Task details: Without any of the pictures, transcribe all the lines below exactly.

#### Collected material ####

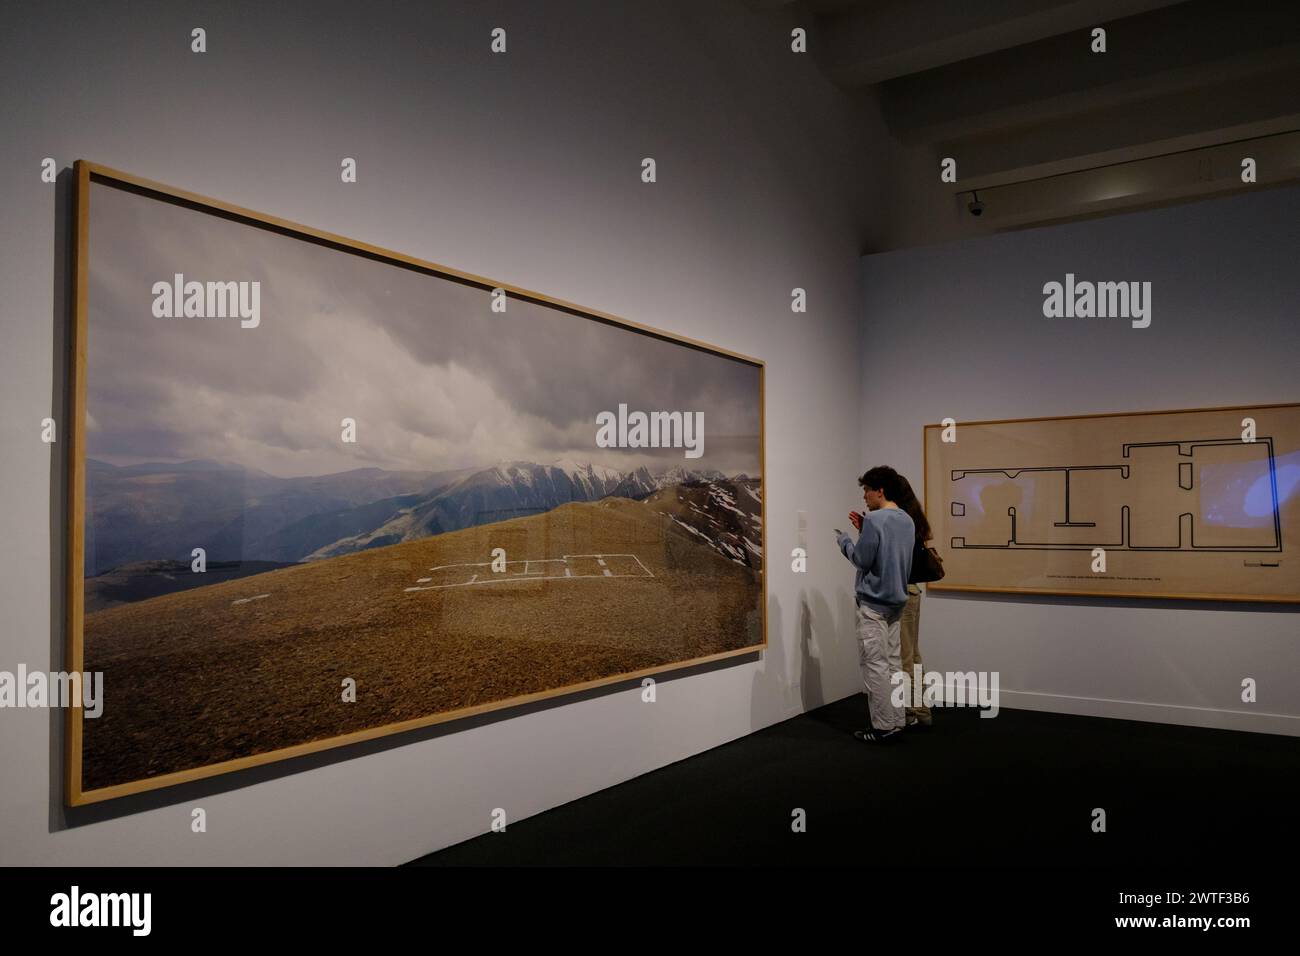 Mostra il titolo, “Horizon and Limit” al CaixaForum di Madrid, Spagna Foto Stock
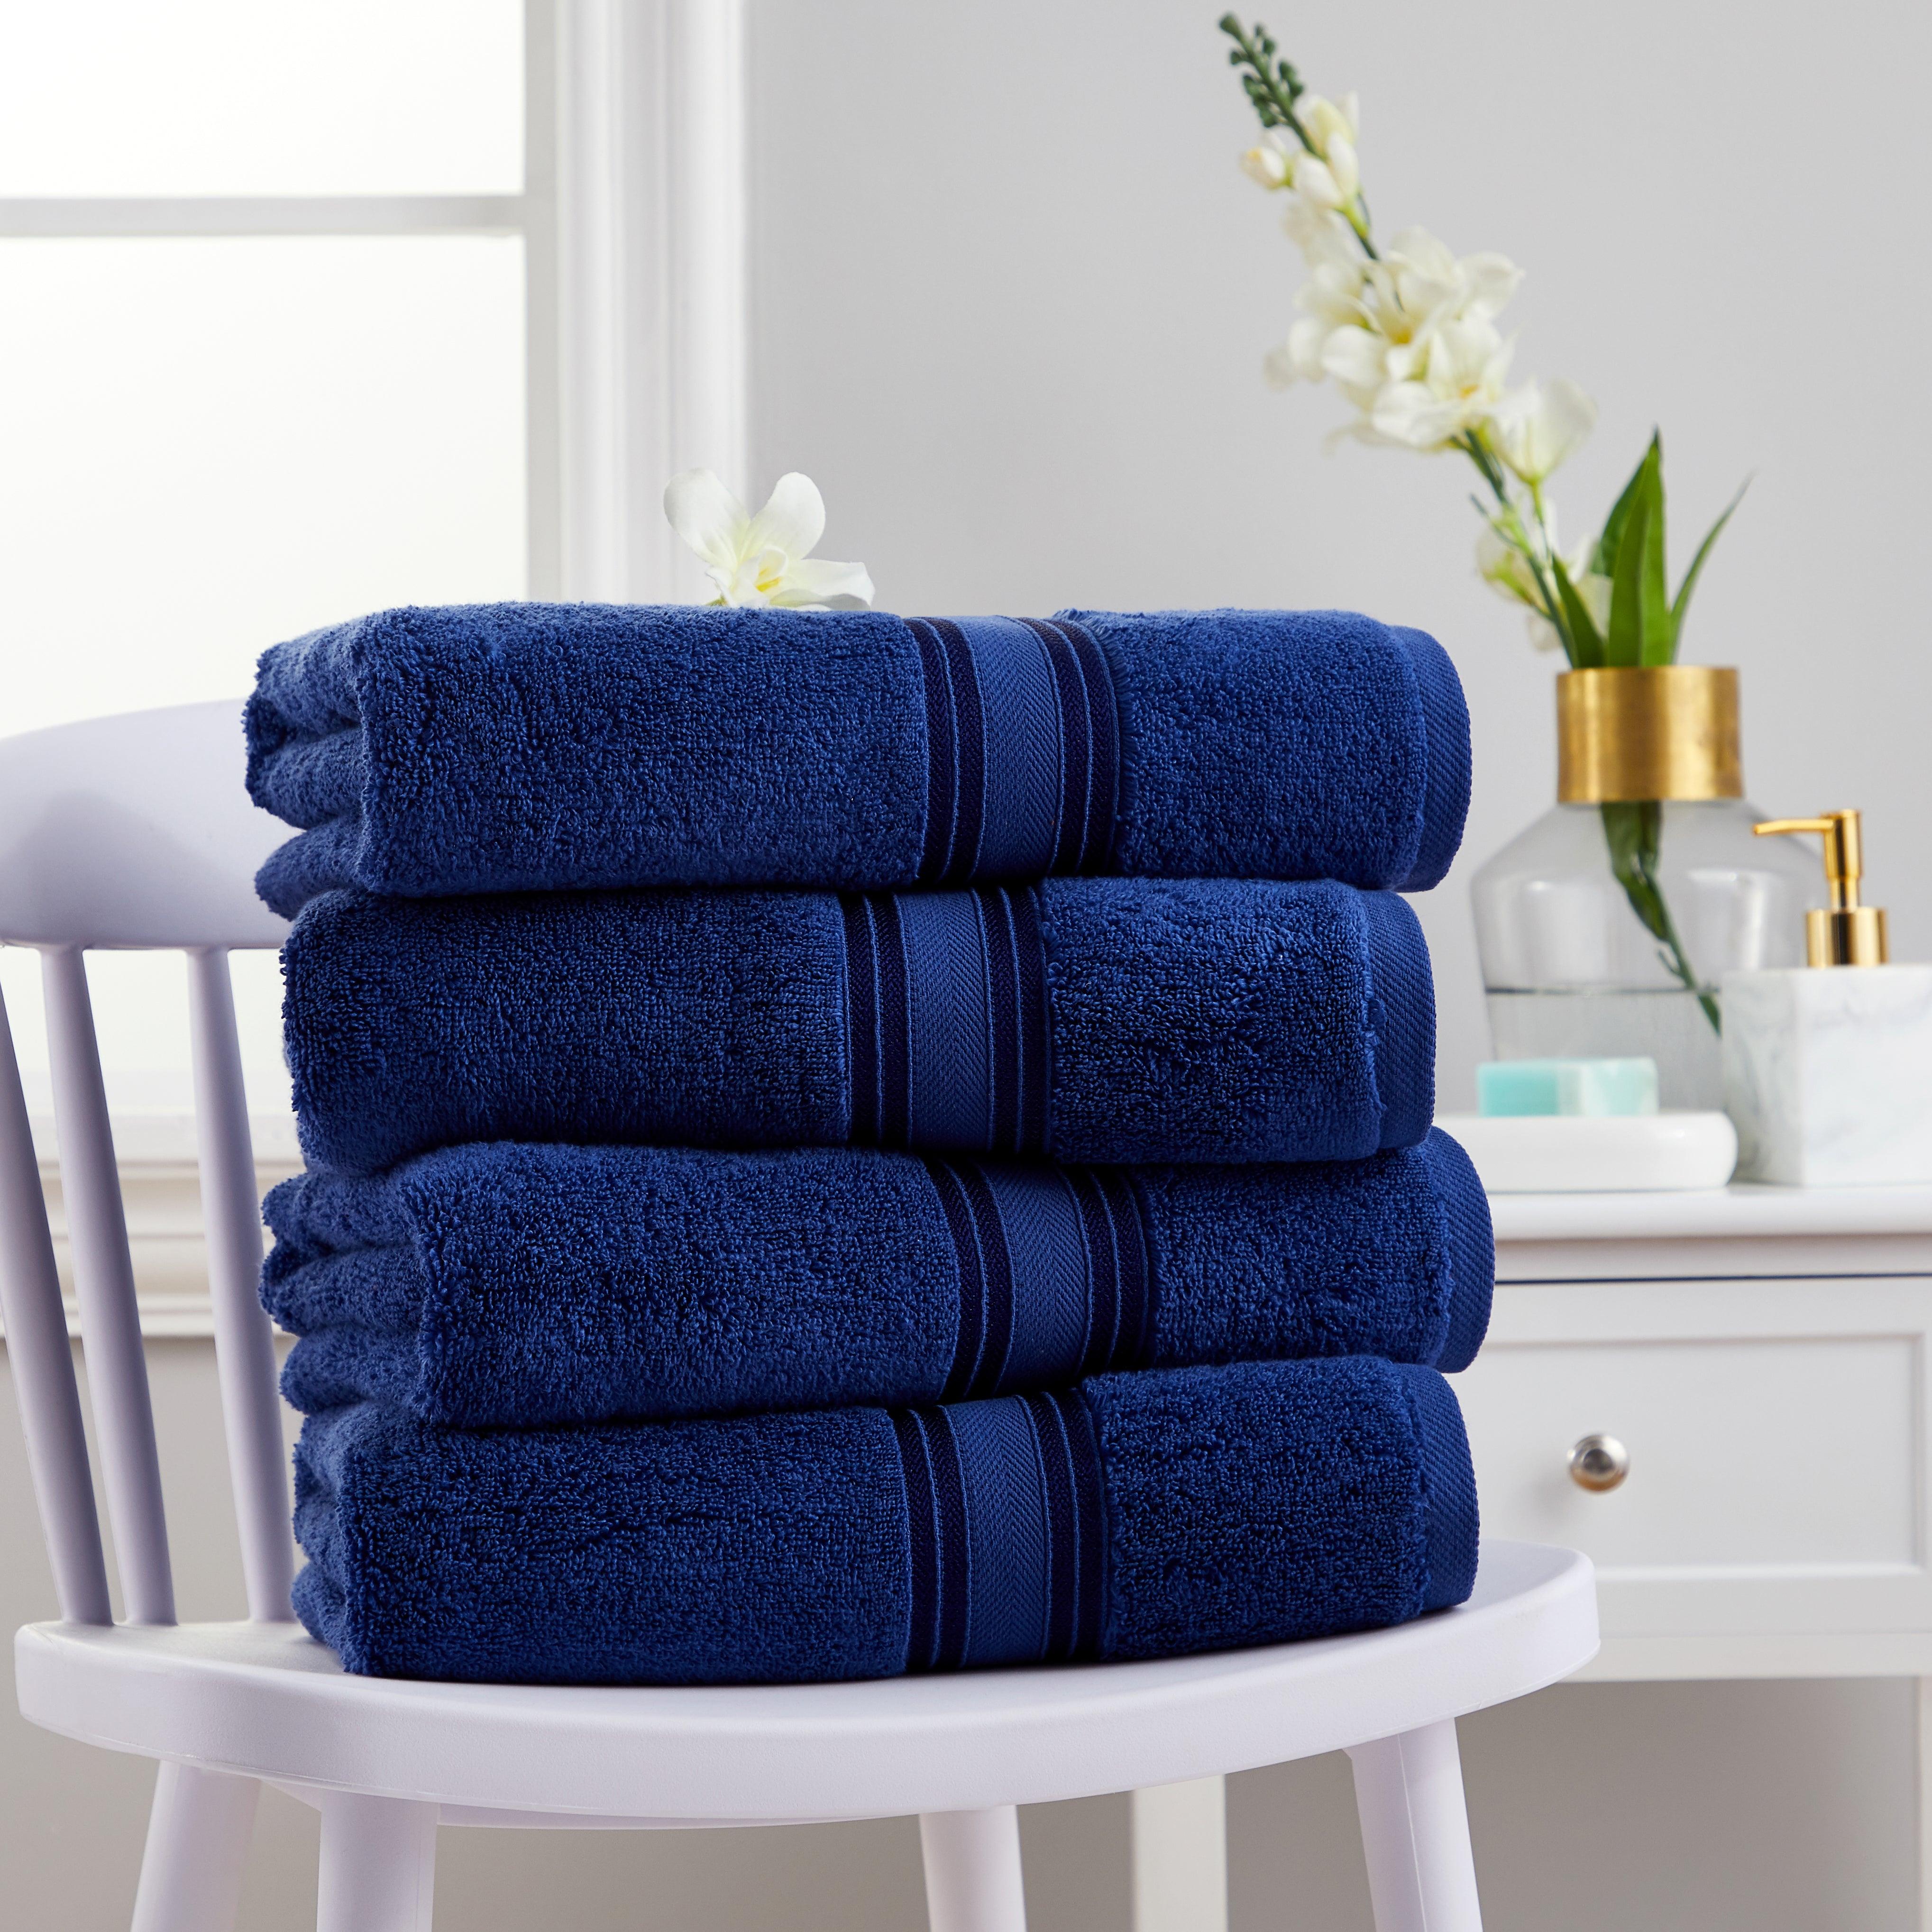 4 Piece Soft Cotton Bath Towel Set 100% Cotton | Spirit Linen - Navy Blue
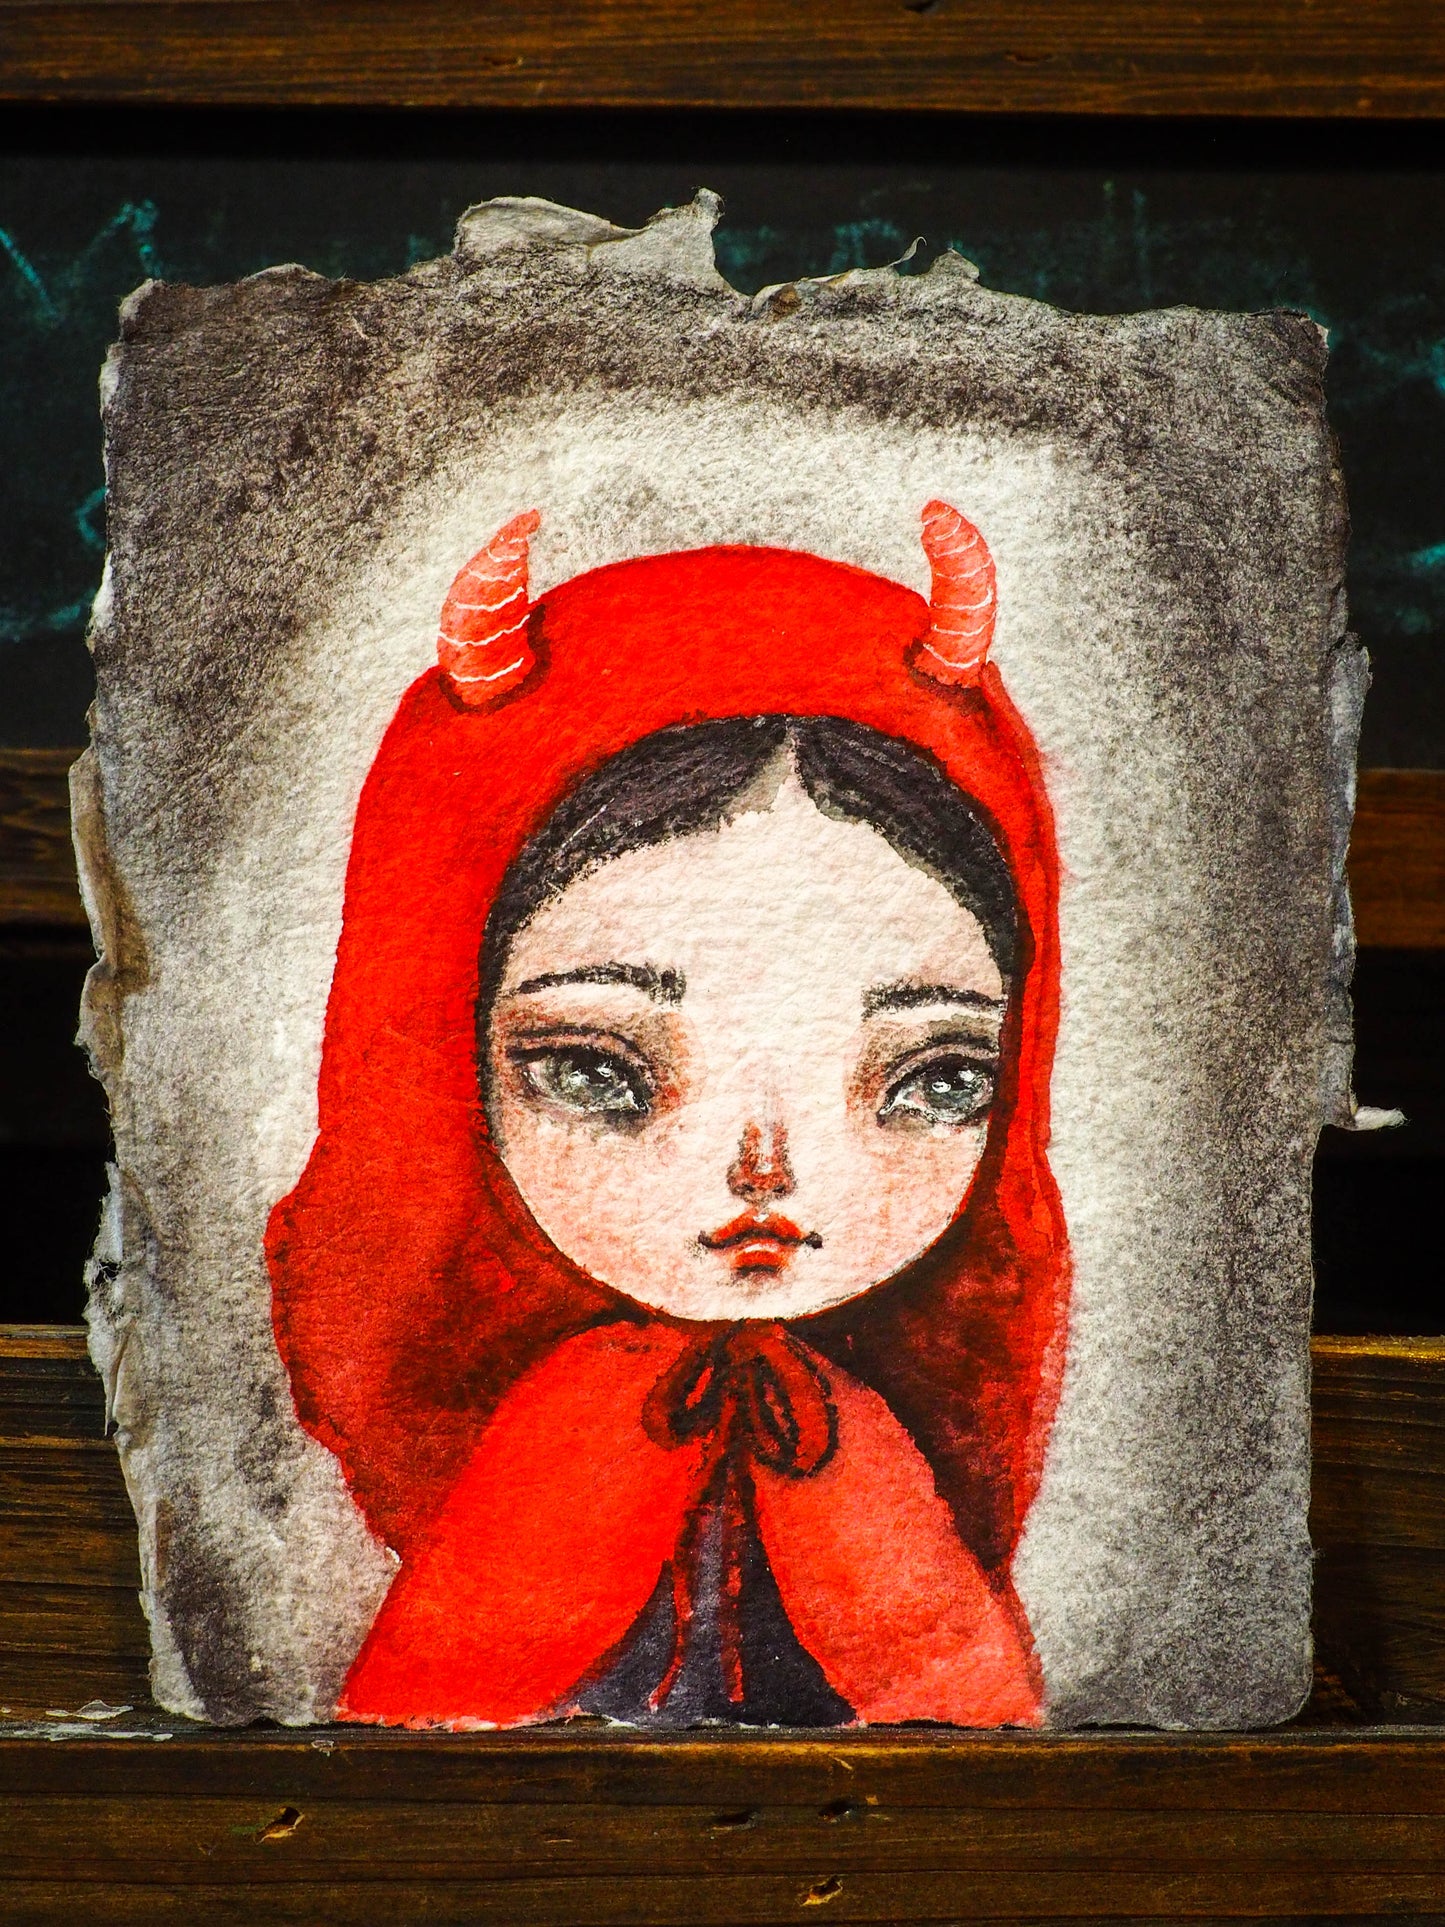 LUCY THE DEVIL GIRL - An original watercolor on rough paper by Danita Art, Original Art by Danita Art

####

Solution:
 Mostra il titolo, “Horizon and Limit” al CaixaForum di Madrid, Spagna Foto Stock
 4 Piece Soft Cotton Bath Towel Set 100% Cotton | Spirit Linen - Navy Blue
 LUCY THE DEVIL GIRL - An original watercolor on rough paper by Danita Art, Original Art by Danita Art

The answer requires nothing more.